Variant calling from FASTQ files

Input:

FASTQ files from Illumina Sequencing instrument

Output:

VCF and HTML files

Status:

production

Citation:

Cokelaer et al, (2017), ‘Sequana’: a Set of Snakemake NGS pipelines, Journal of Open Source Software, 2(16), 352, JOSS DOI https://doi:10.21105/joss.00352

Installation

You must install Sequana first (use –upgrade to get the latest version installed):

pip install sequana --upgrade

Then, just install this package:

pip install sequana_variant_calling --upgrade

Usage

sequana_variant_calling --help
sequana_variant_calling --input-directory DATAPATH --reference-file measles.fa
sequana_variant_calling --input-directory DATAPATH --reference-file measles.fa

This creates a directory variant_calling. You just need to execute the pipeline:

cd variant_calling
sh variant_calling.sh

This launch a snakemake pipeline. If you are familiar with snakemake, you can retrieve the pipeline itself and its configuration files and then execute the pipeline yourself with specific parameters:

snakemake -s variant_calling.rules -c config.yaml --cores 4 --stats stats.txt

Or use sequanix interface.

Requirements

This pipelines requires the following executable(s):

  • bwa

  • freebayes

  • picard (picard-tools)

  • sambamba

  • samtools

  • snpEff

https://raw.githubusercontent.com/sequana/sequana_variant_calling/master/sequana_pipelines/variant_calling/dag.png

Details

Snakemake variant calling pipeline is based on tutorial written by Erik Garrison.
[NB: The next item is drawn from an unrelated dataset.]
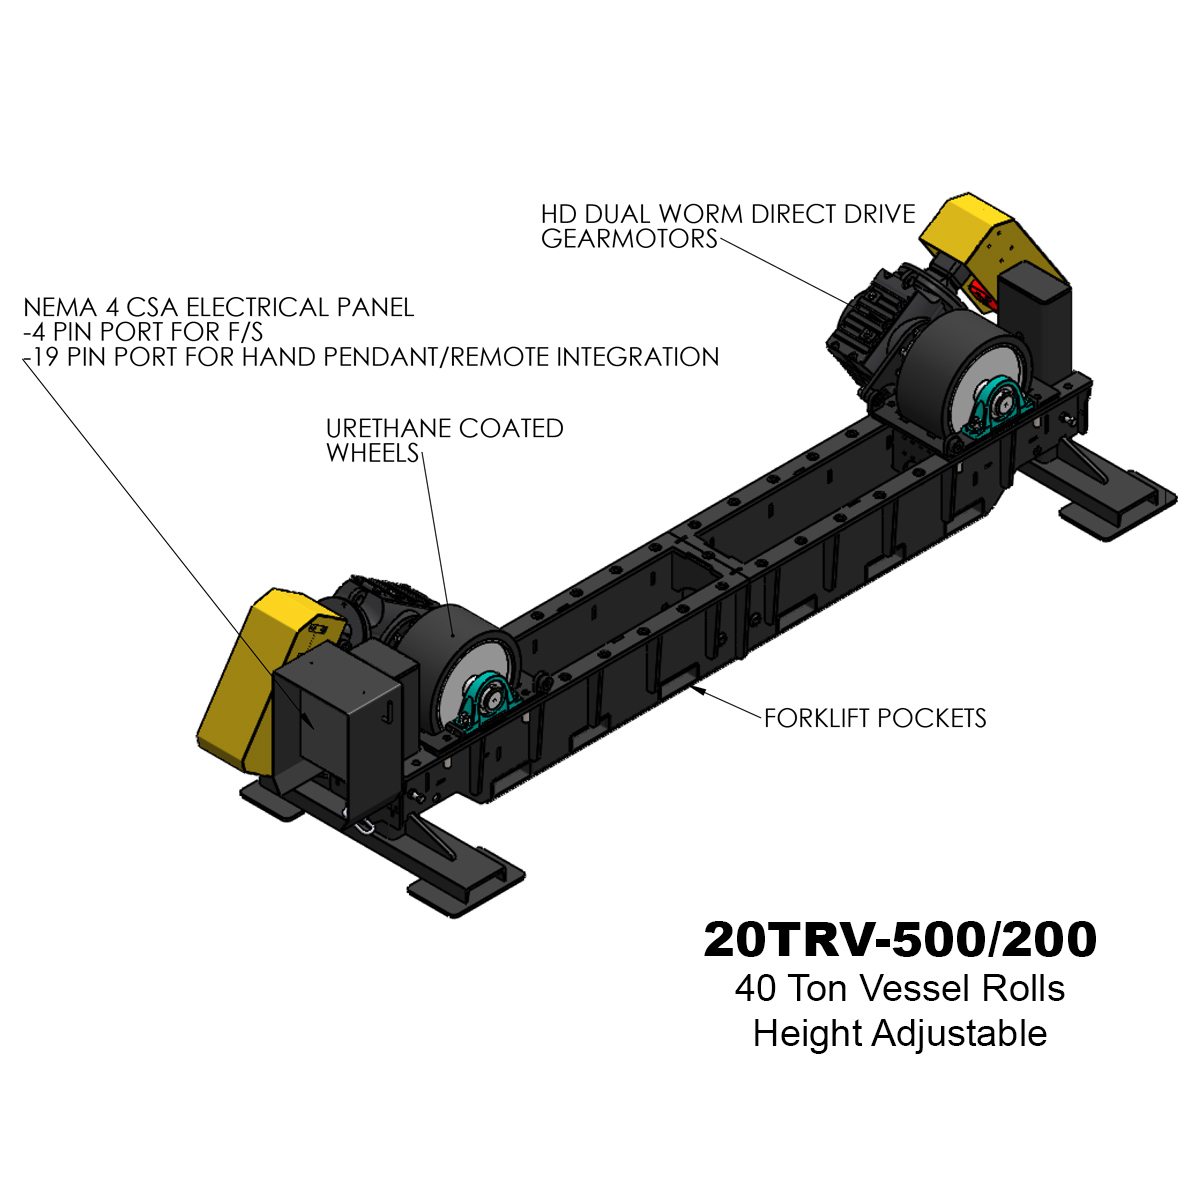 20TRV-500-200 vessel rollers

Input reads (paired or single) are mapped using bwa and sorted with sambamba-sort. PCR duplicates are marked with sambamba-markdup. Freebayes is used to detect SNPs and short INDELs. The INDEL realignment and base quality recalibration are not necessary with Freebayes. For more information, please refer to a post by Brad Chapman on minimal BAM preprocessing methods.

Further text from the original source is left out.